Nice job! I was expecting the usual "I made a window manager in JS" type of web OS, but this is an actual OS as in a kernel + userland programs that can run on it.
It seems that the file system is systematically queried over HTTP and never cached: calling `ls` multiple times does a query for each element of the PATH then for the "binary" itself (a .wasm file). It that a design choice? Like to be able to have multiple users connected on the same remote filesystem and have each access up-to-date? Or is that something that will be optimized later on?

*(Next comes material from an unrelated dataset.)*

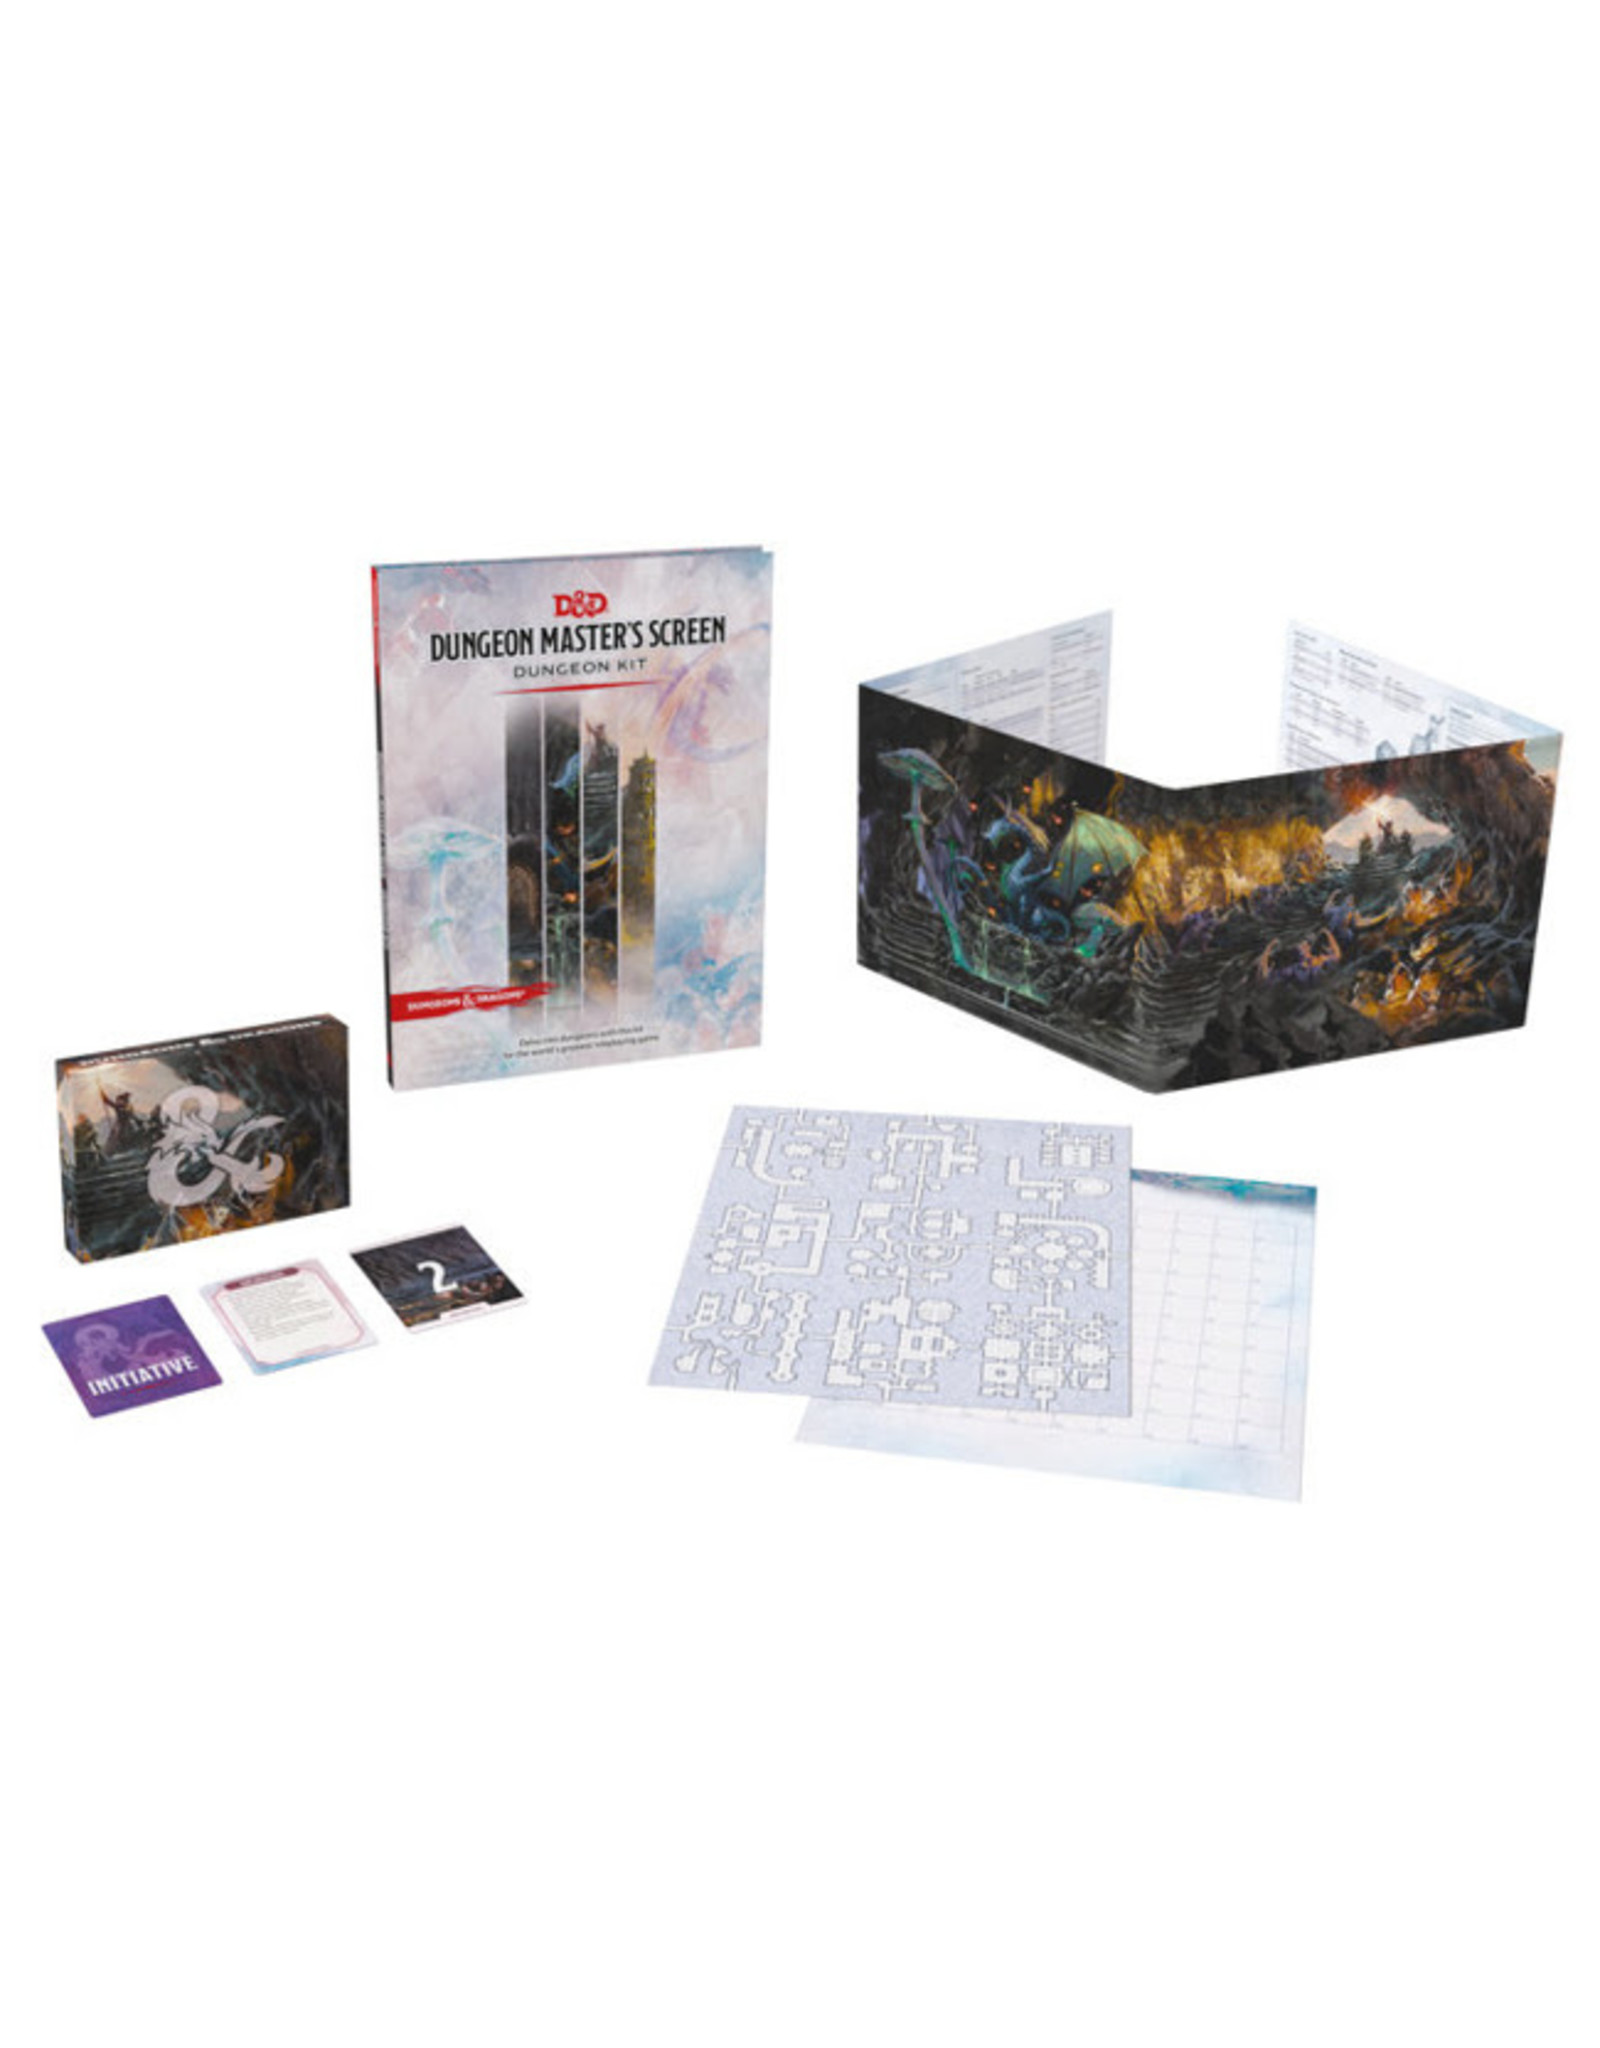 Dungeons & Dragons D&D 5E: DM's Screen Dungeon Kit (Pre Order)

EDIT: I see that files that I create are stored locally (and available whatever the login I choose at the beginning).
I came across a few bugs: trying to use pipes to chain commands always hang, and ^C doesn't work; using an append file redirection ">>" to add a line to a file (I tried creating a multi line file with `cat` but it failed) makes every subsequent commands fail.
There are several file systems: a virtual file system (in the resource manager), a network file system (in netfs, with a cache in RAM), a local persistent file system (in localfs, using littlefs and indexedDB). Pipe driver is there. and some signalling as well.
At the moment the project is a proof of concept, for sure a lot of things are not developed and not debugged. If it appears that the project is interesting enough, I will have to find people helping me to make it a real product
It is an OS that is able to run Unix/Linux applications locally, in a terminal at the moment, with a graphical environment in the near future. Its microkernel is compiled from C to WebAssembly thanks to emscripten
How much OS development/effort are you able to skip by building it on a browser/WASM instead of normal hardware? I don't know if you are effectively recreating a low-level machine on top of the browser's high-level APIs, or using the high-level APIs to skip substantial parts of the implementation.
How serializable is the state of the OS? Can you freeze and move the image? What resources can't be preserved? (E.g., open sockets... but then you don't really get raw sockets on a browser anyway; still WebSockets/etc can't be transferred.)
It is a kind of micro kernel architecture. So the state is spread through resource manager and drivers. Real sockets are (will be) opened on server side. Websocket will be used for the tunnelling
Is a server required for exaquOS functionality? Beyond serving it of course, I'm excited to run all this stuff locally and requiring a server normally defeats the point of something running in a browser.
The server is used for serving the files (mostly) and a few commands for netfs file system (in php at the moment). On my laptop, i have a local server in nodejs. Later on, the server will be used for the IP stack
Great idea - your demo made me think that Web assembly finally permits proper Web applications with a proper UX and without abusing HTML, HTTP, XML, JavaScript and the browser.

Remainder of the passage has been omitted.